I have worked for four US presidents, Democrats and Republicans alike, and perhaps the most important thing I have learned along the way is that little of what we call history is inevitable. What happens in this world is the result of what people choose to do and choose not to do when presented with challenges and opportunities.
George H W Bush, the 41st president of the United States, was presented with more than his share of challenges and opportunities, and the record is clear: He left the country and the world considerably better off than he found them.
I worked for and often with Bush for all four years of his presidency. I was the National Security Council member responsible for overseeing the development and execution of policy toward the Middle East, the Persian Gulf, and Afghanistan, India and Pakistan. I was also brought into a good many other policy deliberations.
Bush was kind, decent, fair, open-minded, considerate, lacking in prejudice, modest, principled and loyal. He valued public service and saw himself as simply the latest in the long line of US presidents, another temporary occupant of the Oval Office and custodian of American democracy.
His foreign-policy achievements were many and significant, starting with the ending of the Cold War. To be sure, that it ended when it did had a great deal to do with four decades of concerted Western effort in every region of the world, the defeat of the Soviets in Afghanistan, the deep-seated flaws within the Soviet system, and the words and deeds of Mikhail Gorbachev. But none of this meant that the Cold War was preordained to end quickly or peacefully.
Bush was careful not to gloat or to indulge in the rhetoric of triumphalism. He was widely criticized for this restraint, but he managed not to trigger just the sort of nationalist reaction that we are now seeing in Russia
It did, in part, because Bush was sensitive to Gorbachev’s and later Boris Yeltsin’s predicament and avoided making a difficult situation humiliating. He was careful not to gloat or to indulge in the rhetoric of triumphalism. He was widely criticized for this restraint, but he managed not to trigger just the sort of nationalist reaction that we are now seeing in Russia.
He also got what he wanted. No one should confuse Bush’s caution with timidity. He overcame the reluctance, and at times objections, of many of his European counterparts and fostered Germany’s unification – and brought it about within the North Atlantic Treaty Organization. This was statecraft at its finest.
Bush’s other great foreign-policy achievement was the Gulf War. He viewed Saddam Hussein’s invasion and conquest of Kuwait as a threat not just to the region’s critical oil supplies, but also to the emerging post-Cold War world. Bush feared that if this act of war went unanswered, it would encourage further mayhem.
Days into the crisis, Bush declared that Saddam’s aggression would not stand.
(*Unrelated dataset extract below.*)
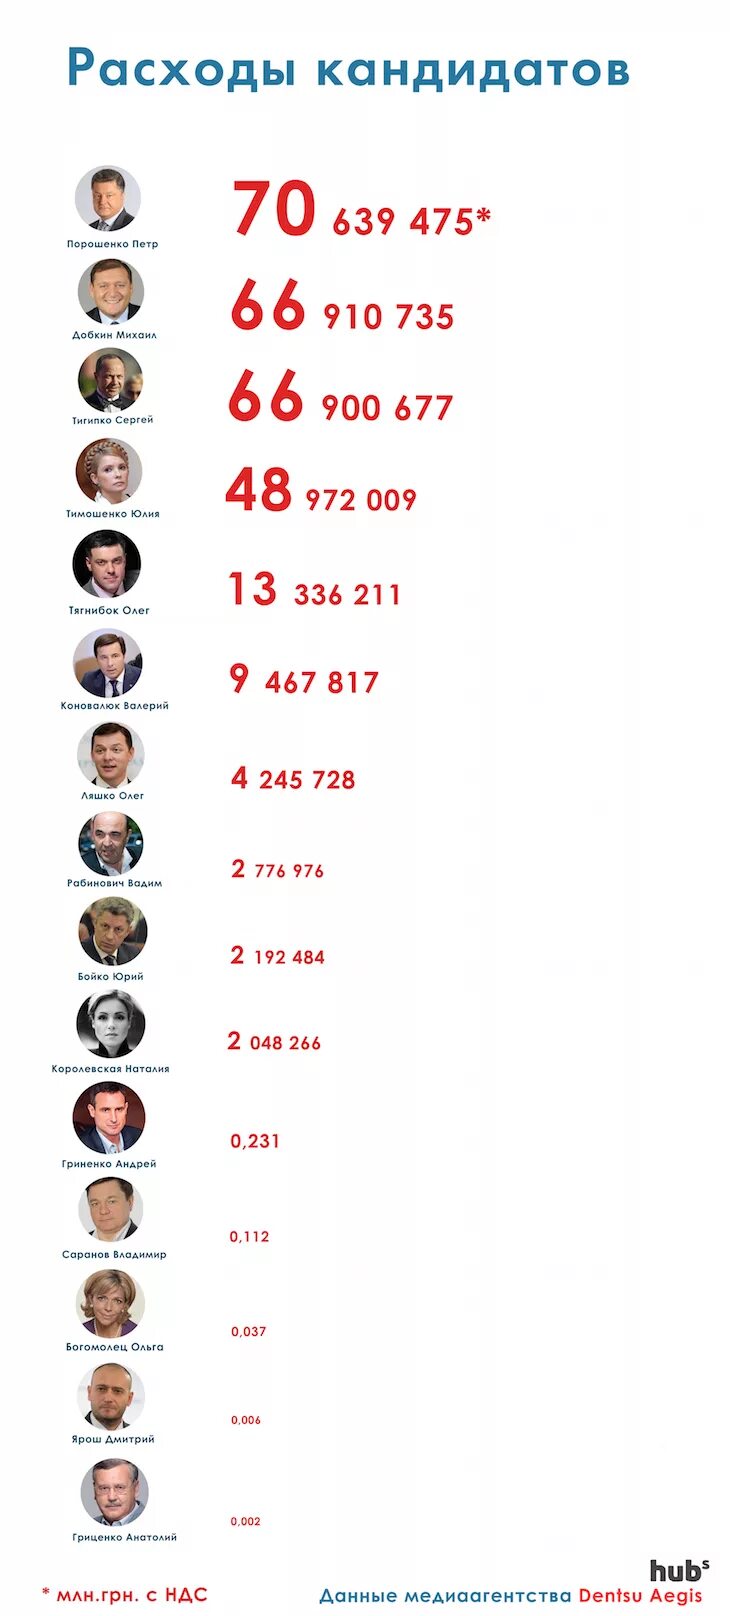 Выборы президента Украины 2014 кандидаты.

He then marshaled an unprecedented international coalition that backed sanctions and the threat of force, sent a half-million US troops halfway around the world to join hundreds of thousands from other countries, and, when diplomacy failed to bring about a complete and unconditional Iraqi withdrawal, liberated Kuwait in a matter of weeks with remarkably few US and coalition casualties. It was a textbook case of how multilateralism could work.
Two other points are worth noting here. First, the US Congress was reluctant to act on Saddam’s aggression. The vote in the Senate authorizing military action nearly failed. Bush, however, was prepared to order what became Operation Desert Storm even without congressional approval, given that he already had international law and the United Nations Security Council on his side. He was that determined and that principled.
Second, Bush refused to allow himself to get caught up in events. The mission was to liberate Kuwait, not Iraq. Fully aware of what happened some four decades earlier when the US and UN forces expanded their strategic objective in Korea and tried to unify the peninsula by force, Bush resisted pressures to expand the Gulf War’s aims.
He worried about losing the trust of world leaders he had brought along and the loss of life that would likely result. He also wanted to keep Arab governments on his side to improve prospects for the Middle East peace effort that was to begin in Madrid less than a year later. Again, he was strong enough to stand up to the mood of the moment.
None of this is to say that Bush always got it right. The end of the Gulf War was messy, as Saddam managed to hang on to power in Iraq with a brutal crackdown on Kurds in the north and Shiites in the south. A year later, the Bush administration was slow to respond to violence in the Balkans. It might have done more to help Russia in its early post-Soviet days.
Overall, however, the Bush administration’s foreign-policy record compares favorably with that of any other modern US president or, for that matter, any other contemporary world leader.
One last thing. Bush assembled what was arguably the best national-security team the US has ever had. Brent Scowcroft was the gold standard in national security advisers. James Baker was arguably the most successful secretary of state since Henry Kissinger. And with them were Colin Powell, Dick Cheney, Robert Gates, Larry Eagleburger, William Webster, and others of standing and experience.
All of which brings us back to George H W Bush. He chose the people. He set the tone and the expectations. He listened. He insisted on a formal process. And he led.
If, as the saying goes, a fish rots from the head, it also flourishes because of the head. The US flourished as a result of the many contributions of its 41st president. Many people around the world benefited as well.
We owe him our collective thanks. May his well-deserved rest be peaceful.